Bada Bing, Bada Boom: Culture inside Bing - xpaulbettsx
http://worldofsu.com/philipsu/?p=209
======
eric_boyd
What an odd blog post!

I've been on the Bing Ads side for the past two years. I overlapped with
Philip very briefly at MSFT. When I started, he was working in a group that
had nothing to do with Bing. I had a couple pretty positive email exchanges
and generally thought highly of the guy, but certainly didn't know him well.

Today, out of the blue, about a year after he left MSFT, he writes a scathing
critique of a culture that he hasn't been a part of for 3+ years (I don't
honestly know when he was at Bing), and writes about it in the present tense
without any clarification that the events are in the past. On his Facebook
post, Philip comments that the test director incident happened 5 years ago.
His blog reads like it happened last week.

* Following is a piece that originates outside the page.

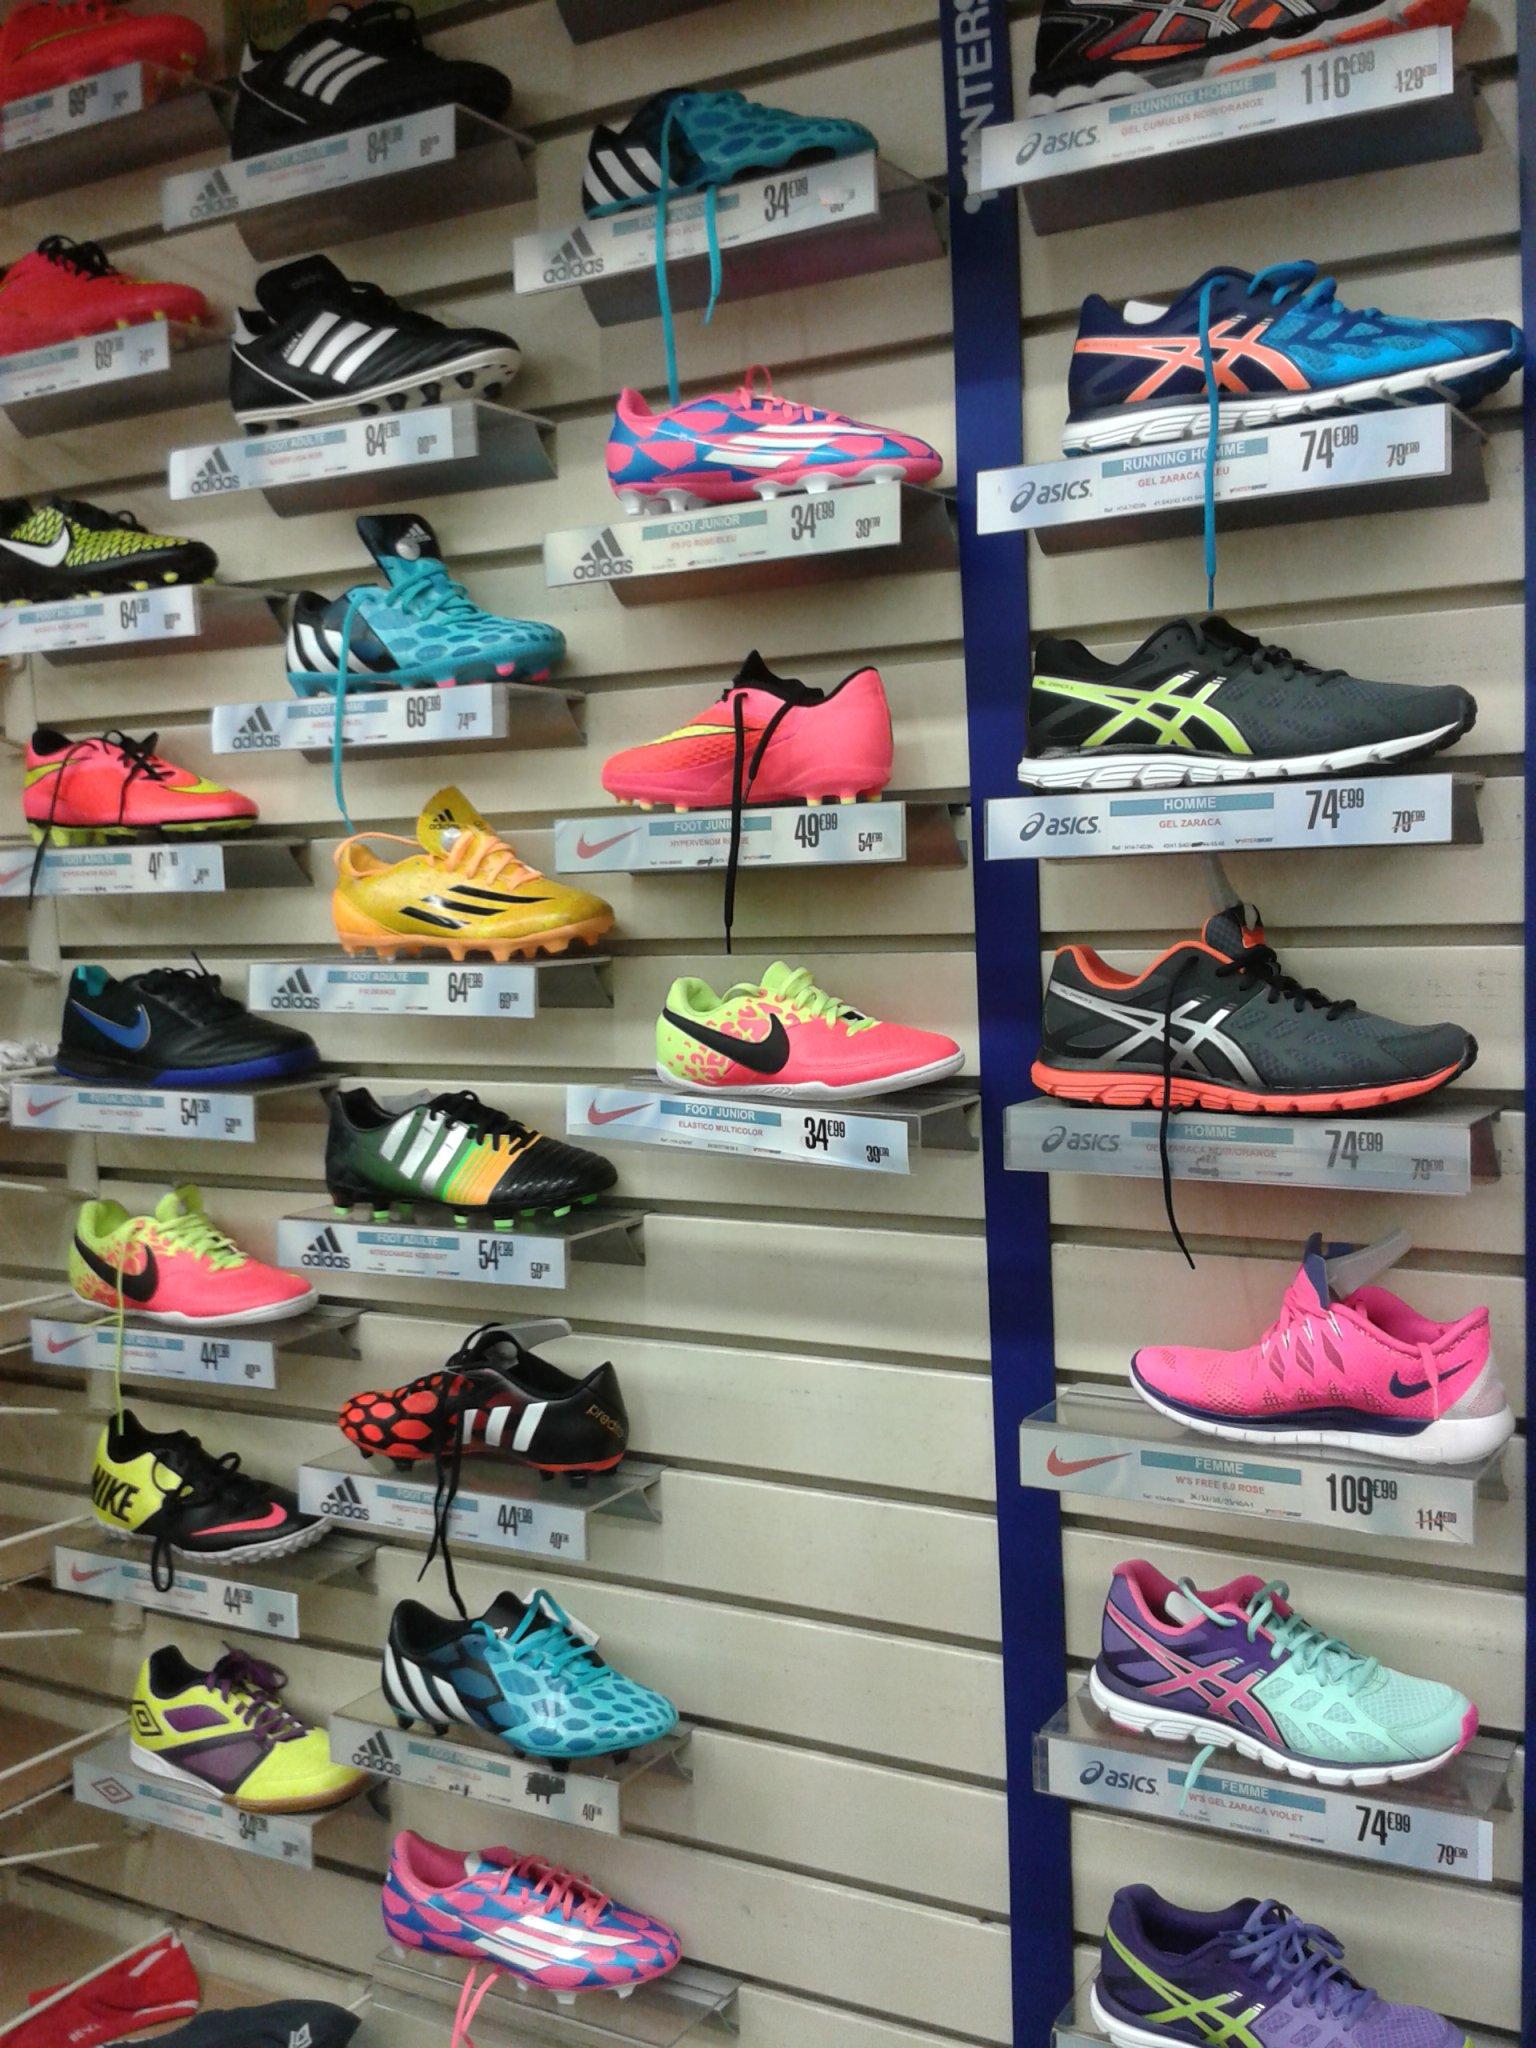 La halle au sport magasin d 39 usine - Adresse de l usine a roubaix ...

Qi Lu joined MSFT less than 3 years ago to take over Bing and all of online
services. When Qi took it on, it was called Live Search. It had been losing
market share every month for years. Since Bing launched, it's market share has
risen every month. It's quite possible that the culture Philip worked in was
every bit as broken as he describes. But the team I work in, I can speak to it
being a fantastic place to work now. Qi has been upgrading the talent top down
and now I find it filled with very smart people making real progress, both in
the quality of the search engine, and in the market share gains over the past
two years.

Are there still some political people? Of course, every large organization has
them. But the company Philip writes about doesn't sound like the one I work
in.

Obvious disclaimer about the fact that I'm a current employee and thus biased.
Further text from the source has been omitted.